Pictures stay out; please output the remaining data exactly.
(Data excerpt begins)
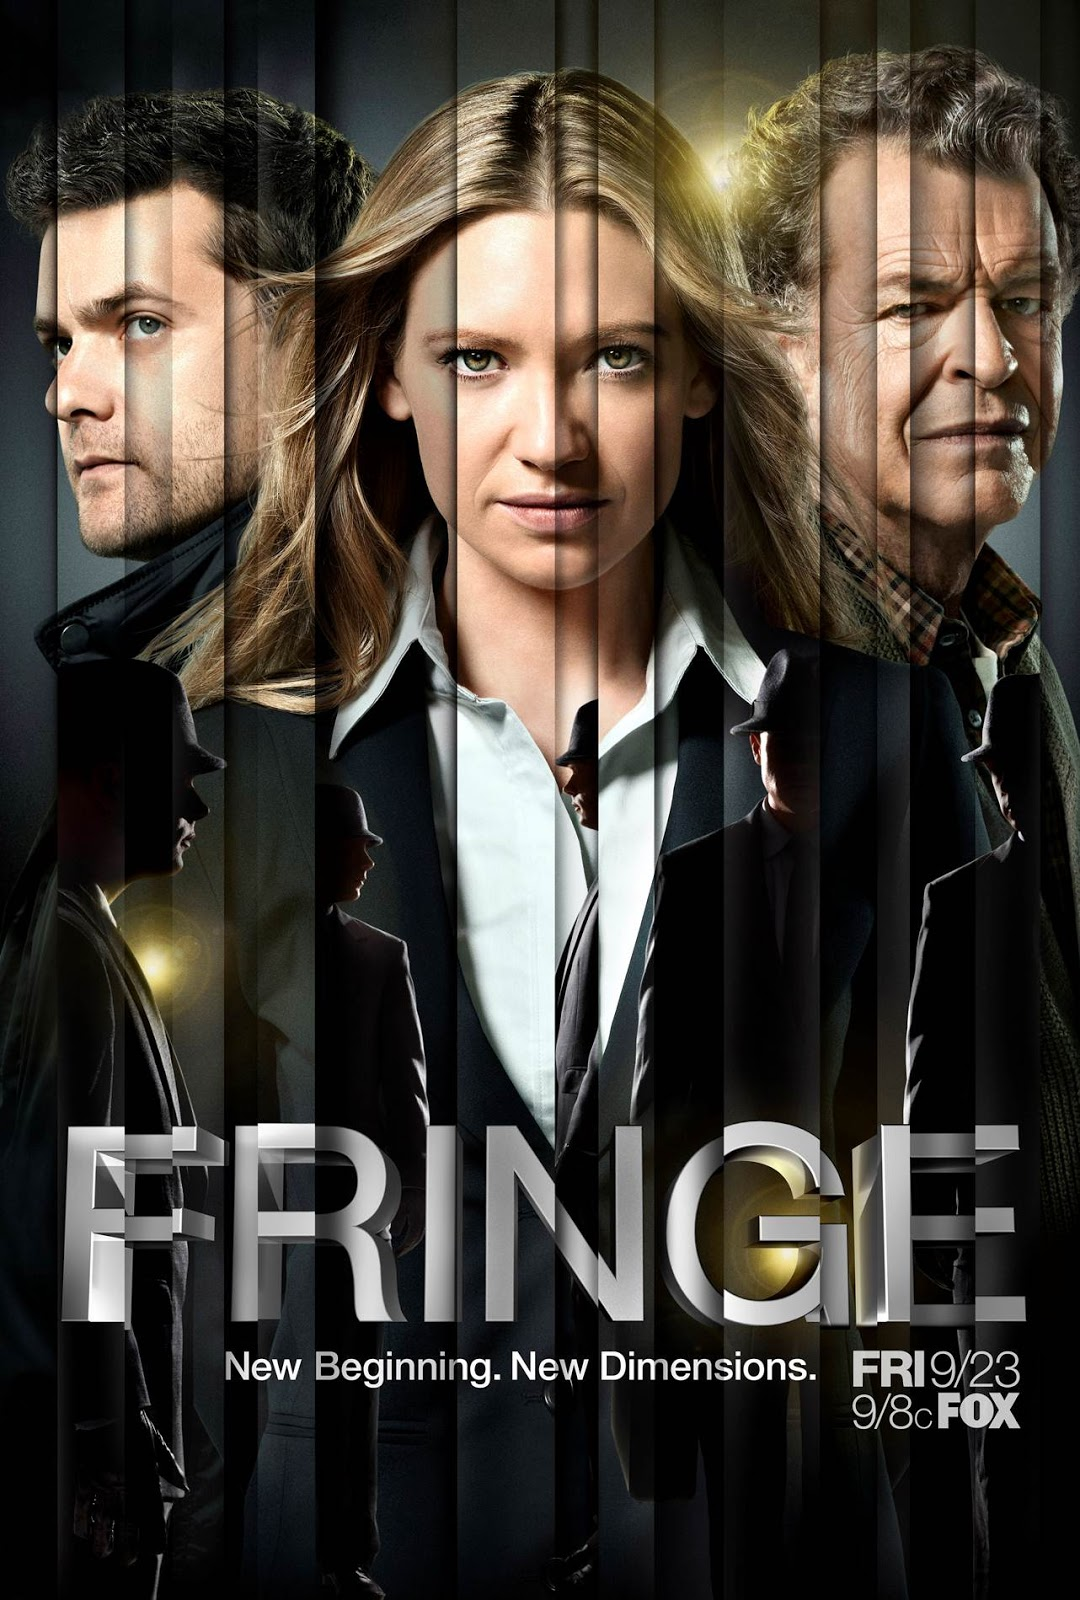 fox fringe tv showFringe Television   Fan Site for the FOX TV Series Fringe XQUxGw2J
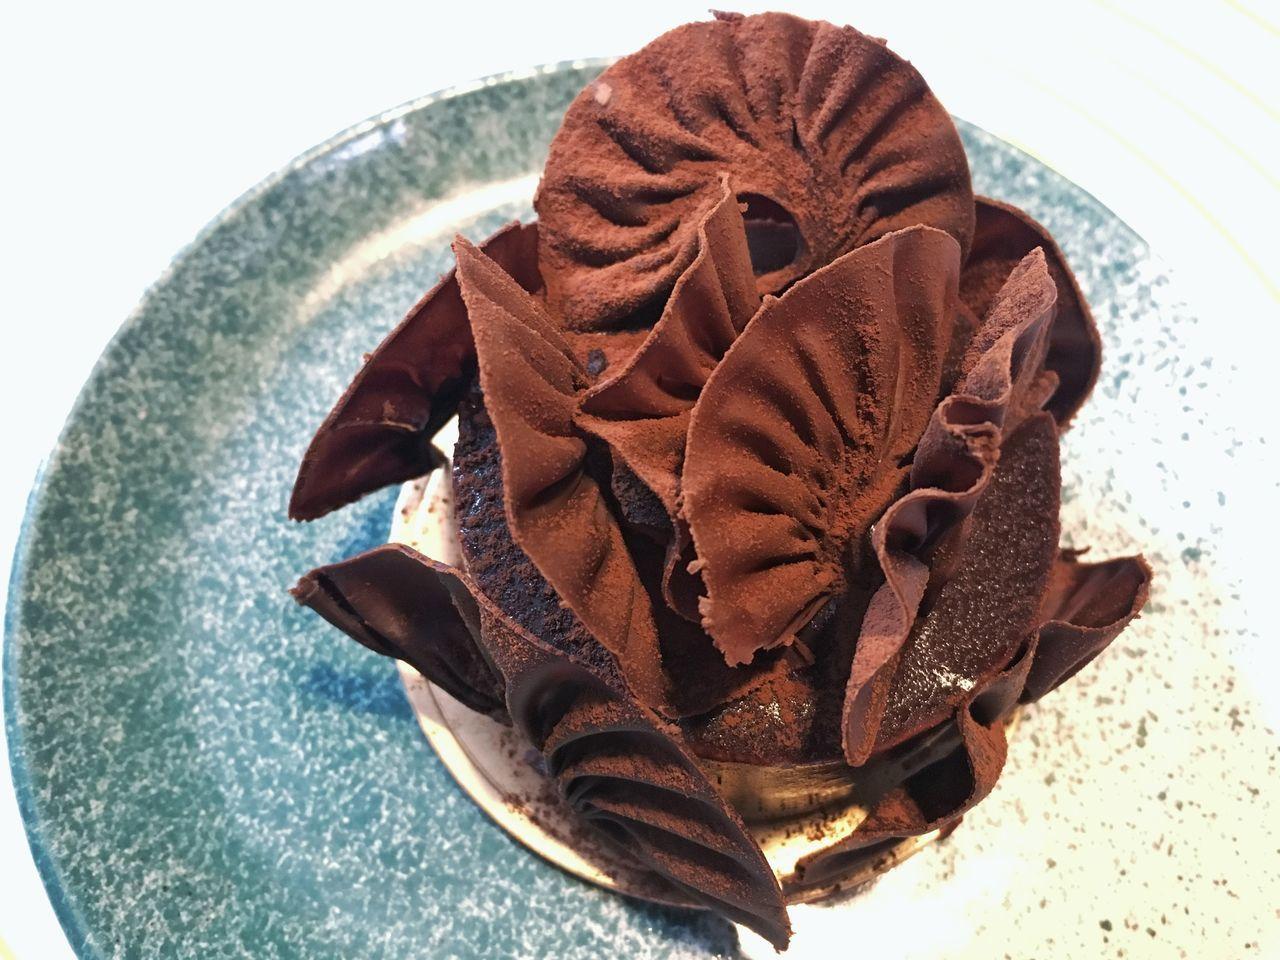 Dessert Dessert Porn Dessert Time! Dessert... Mmmmm Yum Yum  Dessertoftheday Dessert Topping dessert #food #desserts #TagsForLikes #yum #yummy #amazing #instagood #instafood #sweet #chocolate #cake #icecream #dessertporn #delish #foods #delicious #tasty #eat #eating #hungry foodpics sweettooth Desserts! Dessertforacause Dessertheaven First Eyeem Photo
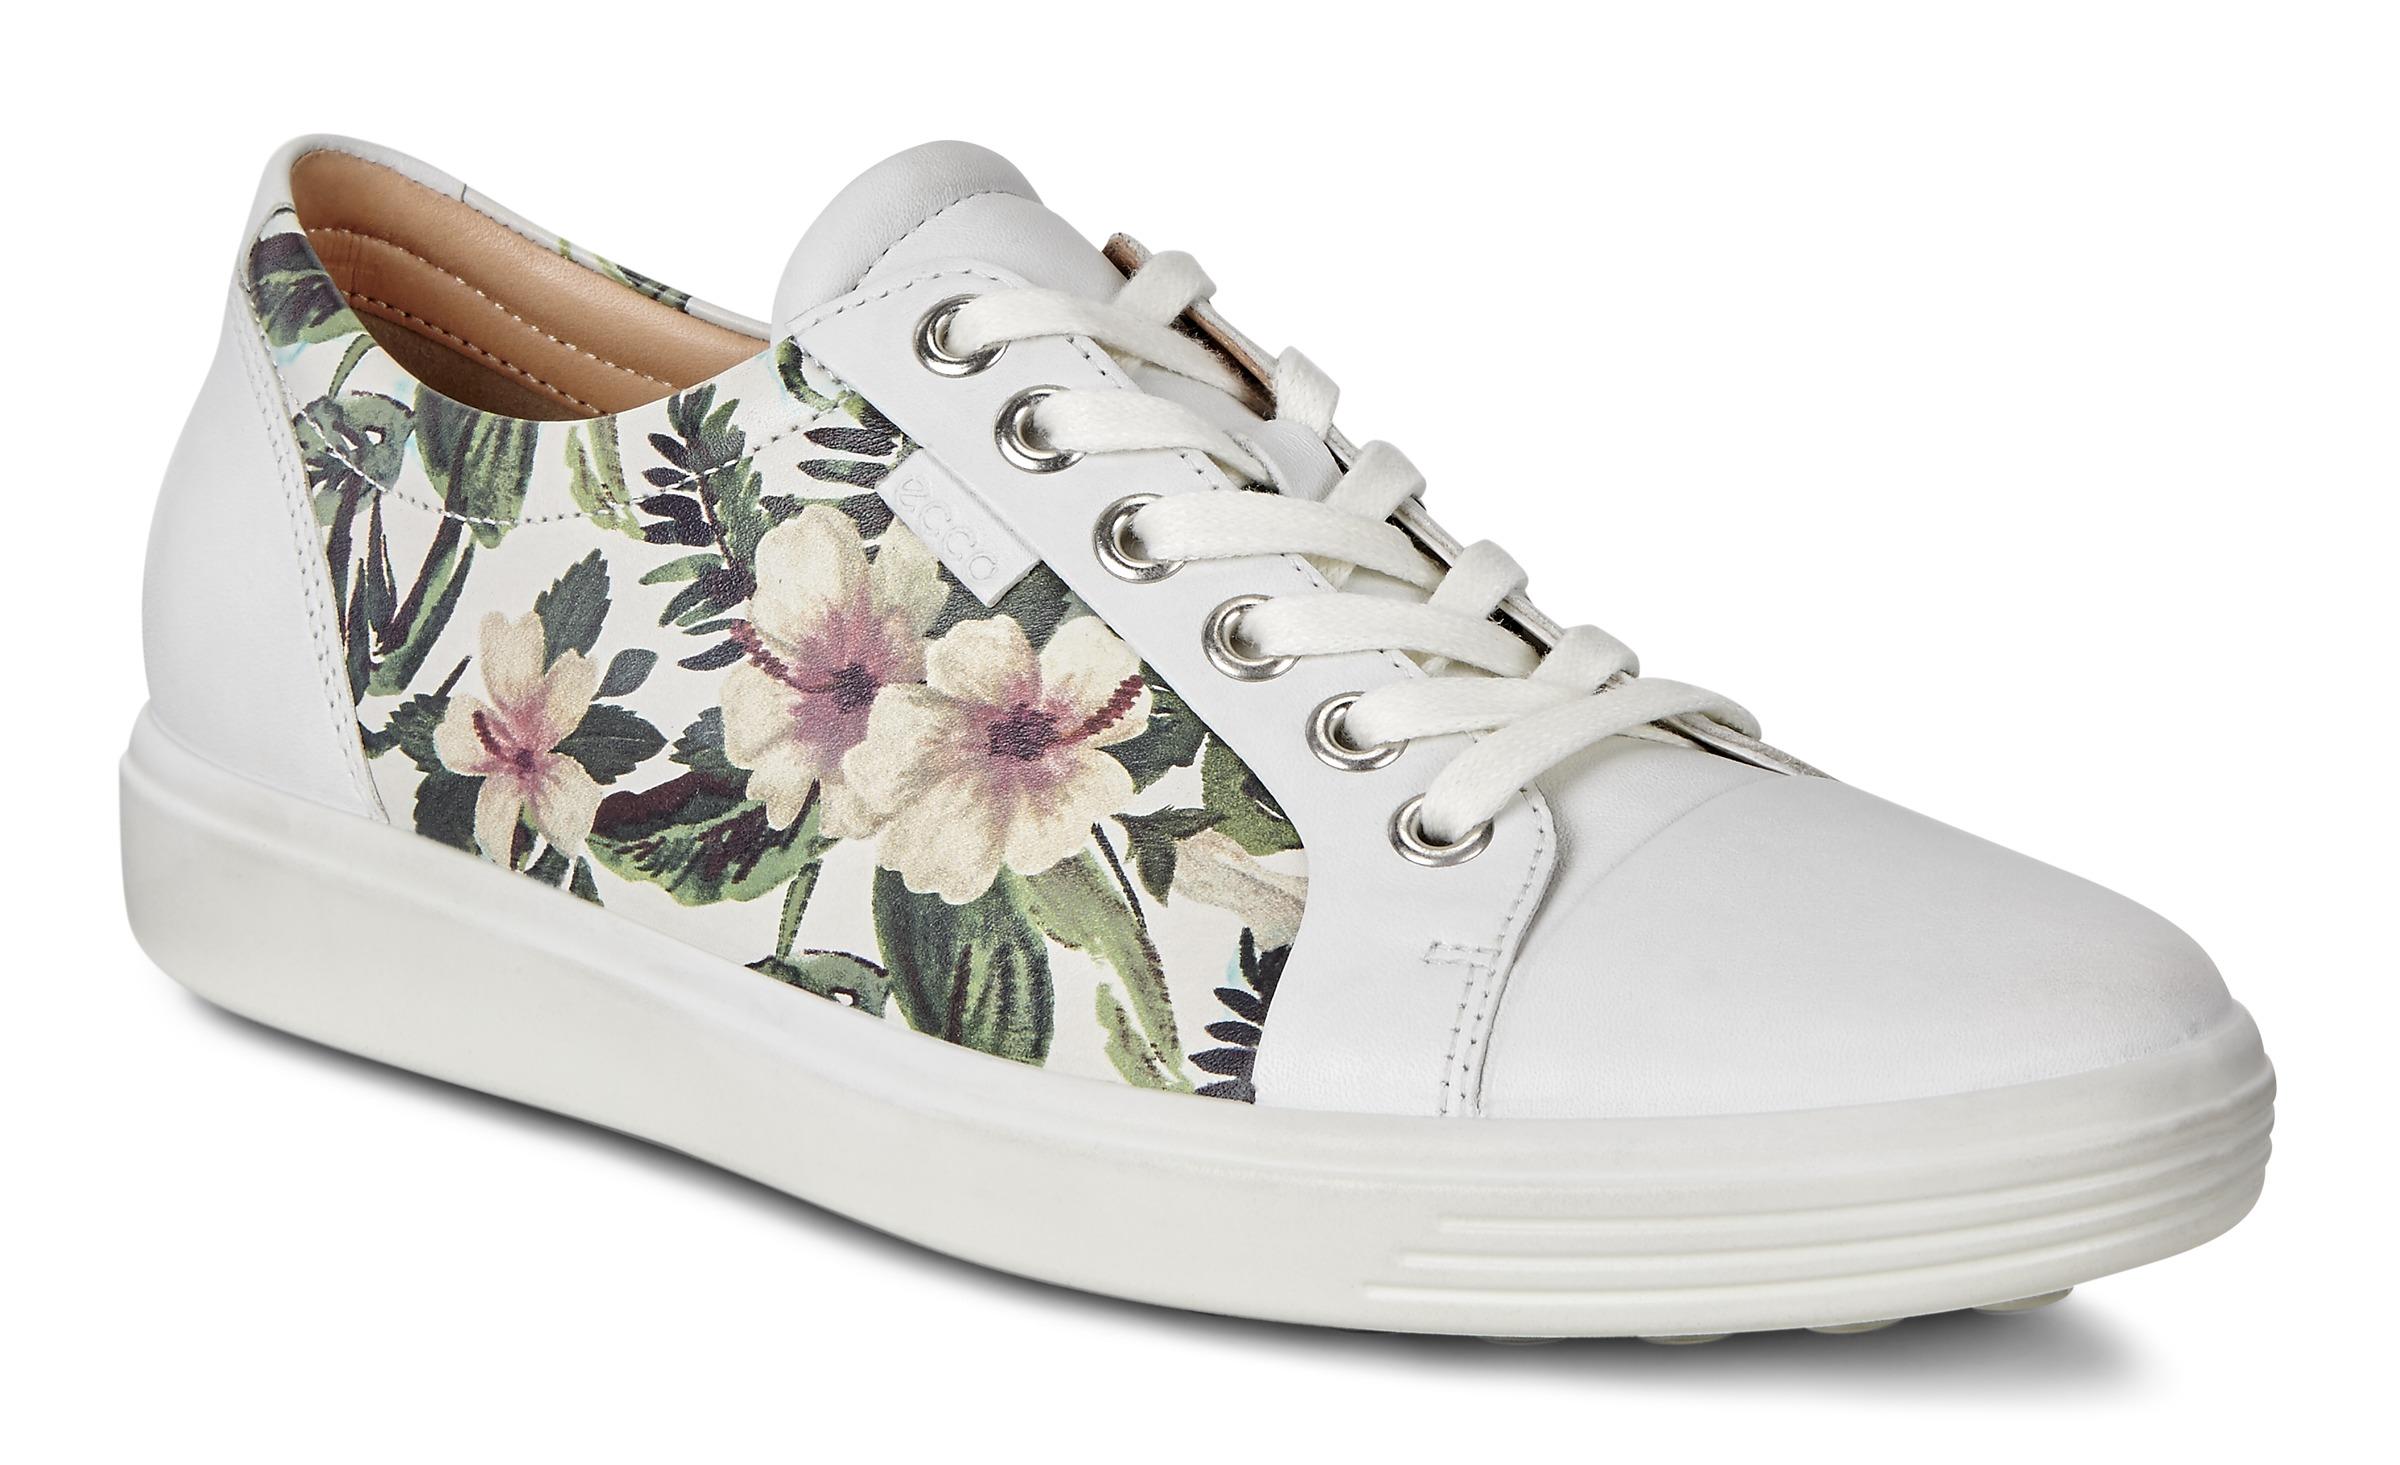 Vinn sko og veske fra Ecco!   Tara.no
(Data excerpt ends)
Solution to this problem:
 fox fringe tv showFringe Television   Fan Site for the FOX TV Series Fringe XQUxGw2J
 Dessert Dessert Porn Dessert Time! Dessert... Mmmmm Yum Yum  Dessertoftheday Dessert Topping dessert #food #desserts #TagsForLikes #yum #yummy #amazing #instagood #instafood #sweet #chocolate #cake #icecream #dessertporn #delish #foods #delicious #tasty #eat #eating #hungry foodpics sweettooth Desserts! Dessertforacause Dessertheaven First Eyeem Photo
 Vinn sko og veske fra Ecco!   Tara.no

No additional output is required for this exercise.